What do we have to show for it?

- Image by Getty Images via Daylife
The Obama administration is letting several top banks pay back their government/taxpayer bailout money early. True, we collect interest, but not nearly as much as we would have had the banks kept that money longer—which would have been a better payback for the risks taxpayers were exposed to.
But more to the point, the money being paid back is the same money that was lent to the banks so they could, in turn, lend that money back out again to help those facing foreclosure.
However, as we know from the dismal figures now public, the banks, for the most part, weren’t really doing all that much to help homeowners anyway.
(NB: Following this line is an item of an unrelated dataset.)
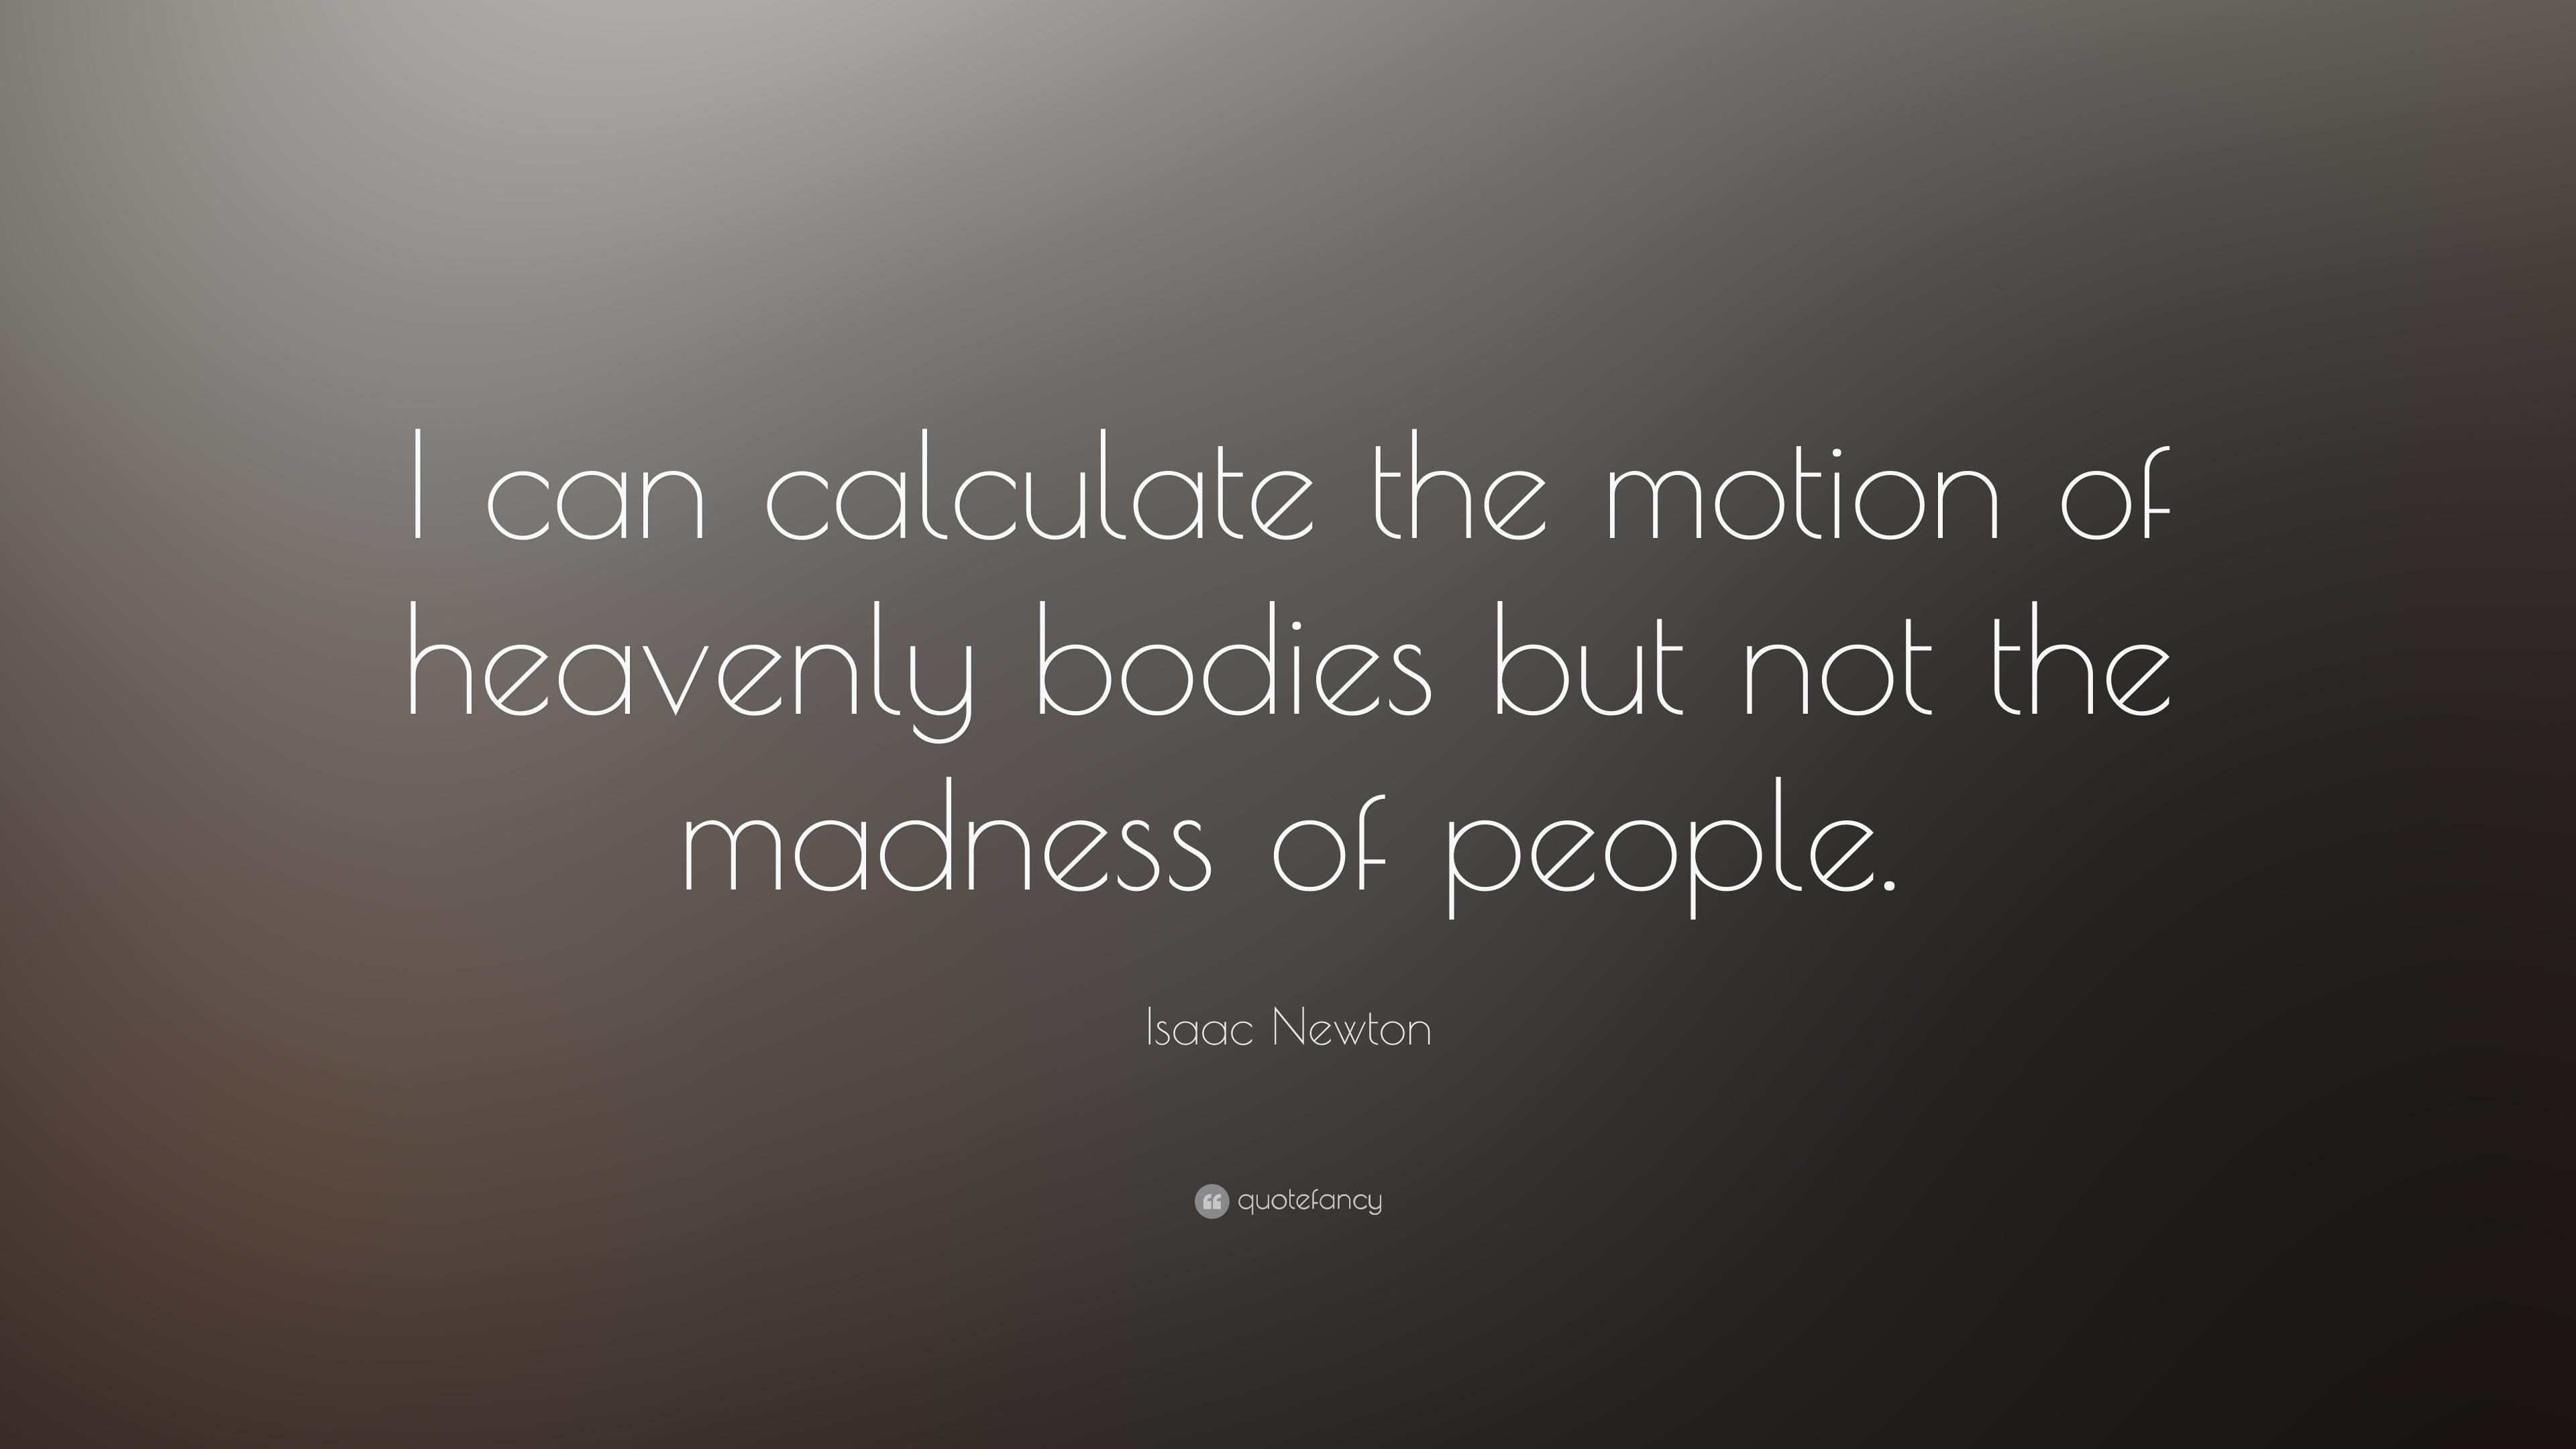 Isaac Newton Quote: “I can calculate the motion of heavenly bodies

Instead of loaning the taxpayer bailout money back out, they mostly kept it on their books to make their own balance sheets look better than what they really were (are???).
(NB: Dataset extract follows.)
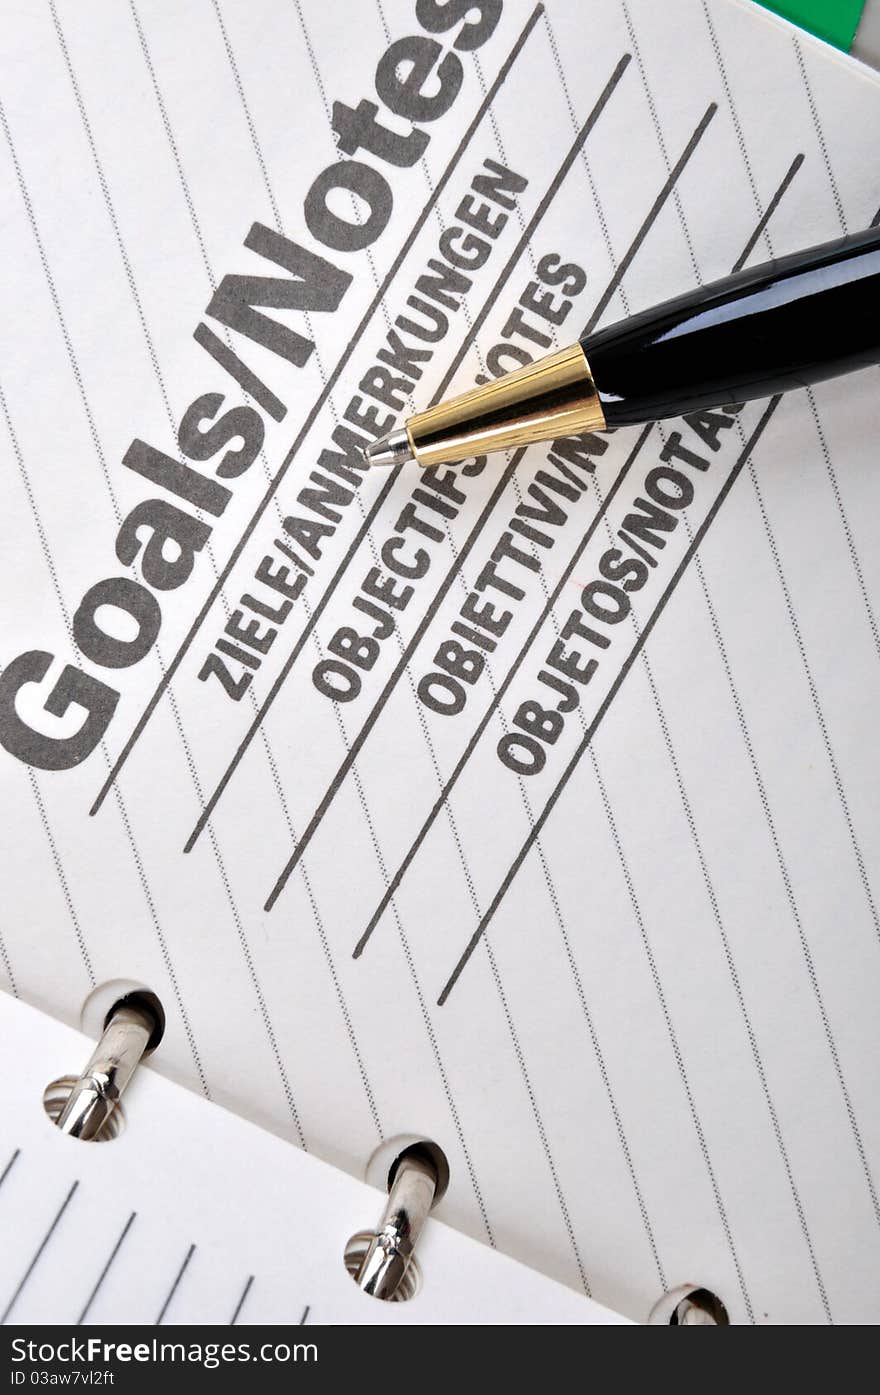 Goals plan or record in notepad and a ball pen, shown as working goals, target, focus, objective important notes and other related business concept. Goals plan or record in notepad and a ball pen, shown as working goals, target, focus, objective important notes and other related business concept.

And, apparently, the banks are more interested in freeing themselves of any government restrictions on executive pay and bonuses that were tied to the bailout money than they are in helping Americans save their homes, stabilize home prices and bring this economic mess we are all in to as rapid a close as possible.
As I wrote about the other week, the banks also managed to derail an attempt to change the law so that bankruptcy court judges would be able to change the actual terms of a mortgage–something they have long been able to do for second mortgages on the vacation homes of the rich and infamous.
Now, the banks will be able to have their cake and eat it,too—freed of the restrictions they so dreaded and freer to keep on doing business as usual–which is good for them, but not so good for —guess who???